MATERIAL PROVIDED >>
↓
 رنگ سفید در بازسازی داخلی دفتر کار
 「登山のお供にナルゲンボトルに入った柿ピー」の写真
↑
↓
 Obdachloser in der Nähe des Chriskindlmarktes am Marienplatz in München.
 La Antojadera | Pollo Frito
↑
↓
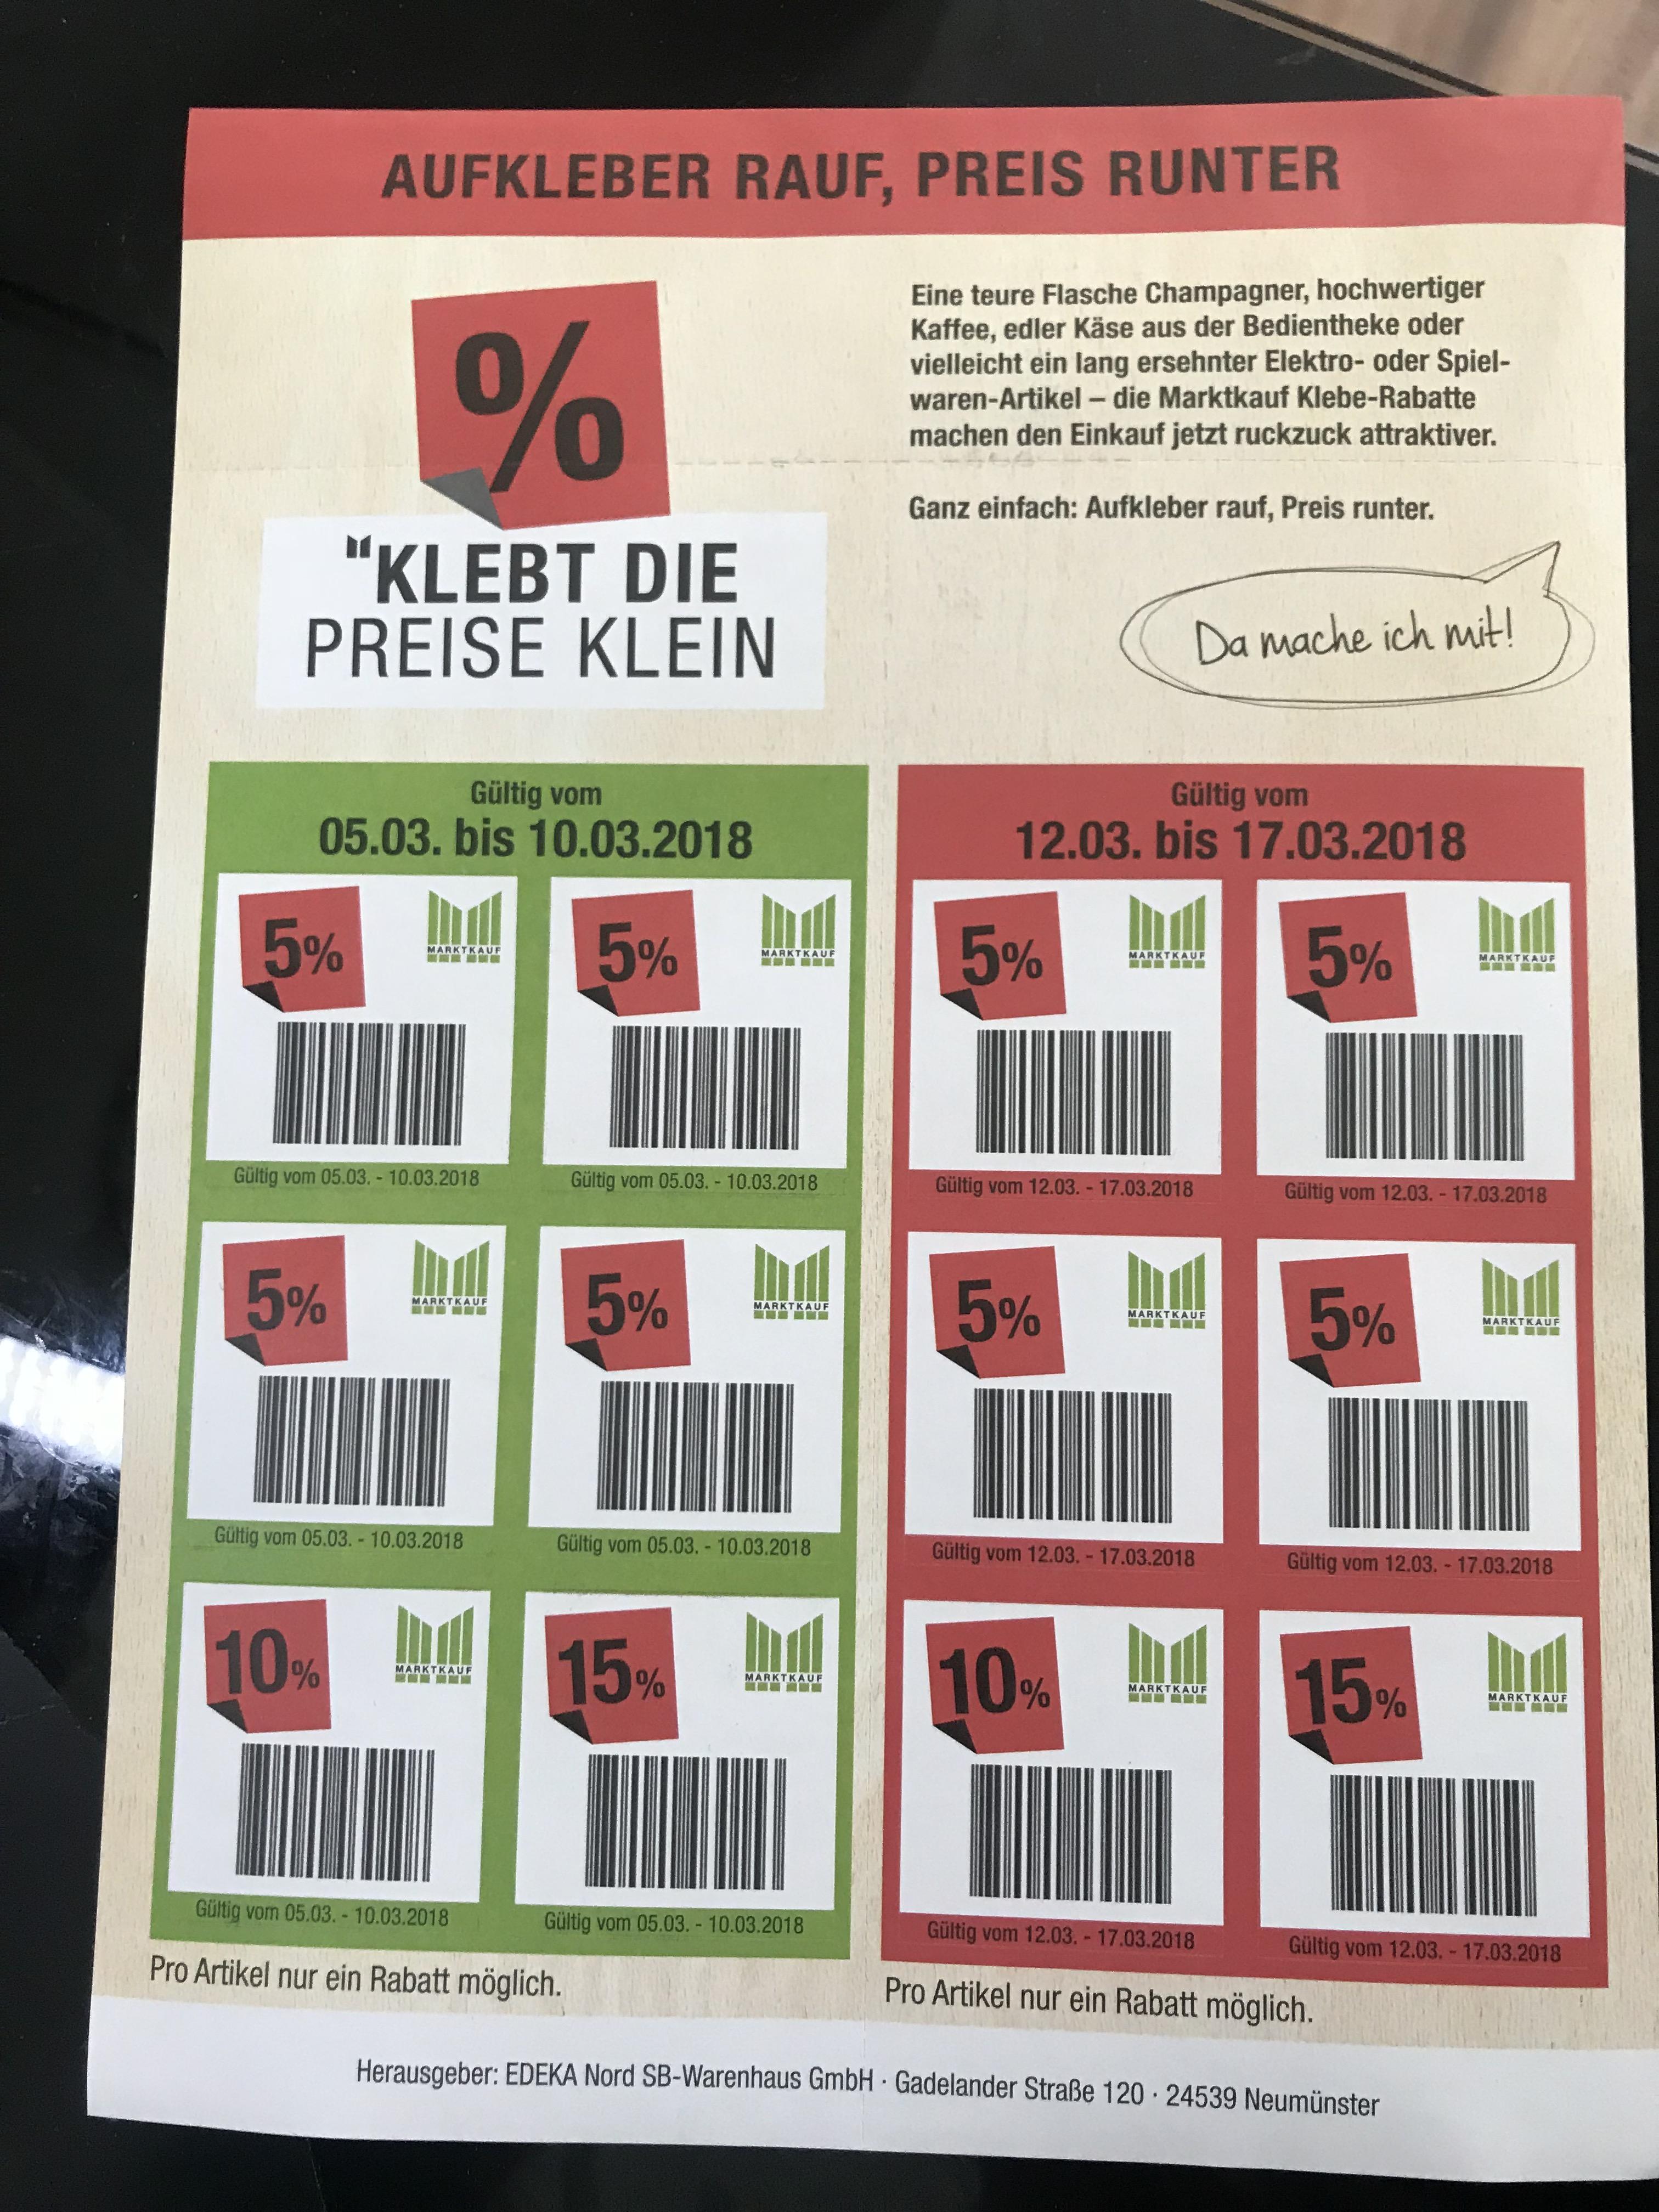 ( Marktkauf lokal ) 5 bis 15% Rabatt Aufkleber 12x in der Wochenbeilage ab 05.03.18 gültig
↑
REQUIREMENT >>
Could you restate word for word the lines above from the one containing "Obdachloser in der" through the one containing "La Antojadera | Pollo Frito", both included, and nothing else?

EXERCISE RESPONSE >>
 Obdachloser in der Nähe des Chriskindlmarktes am Marienplatz in München.
 La Antojadera | Pollo Frito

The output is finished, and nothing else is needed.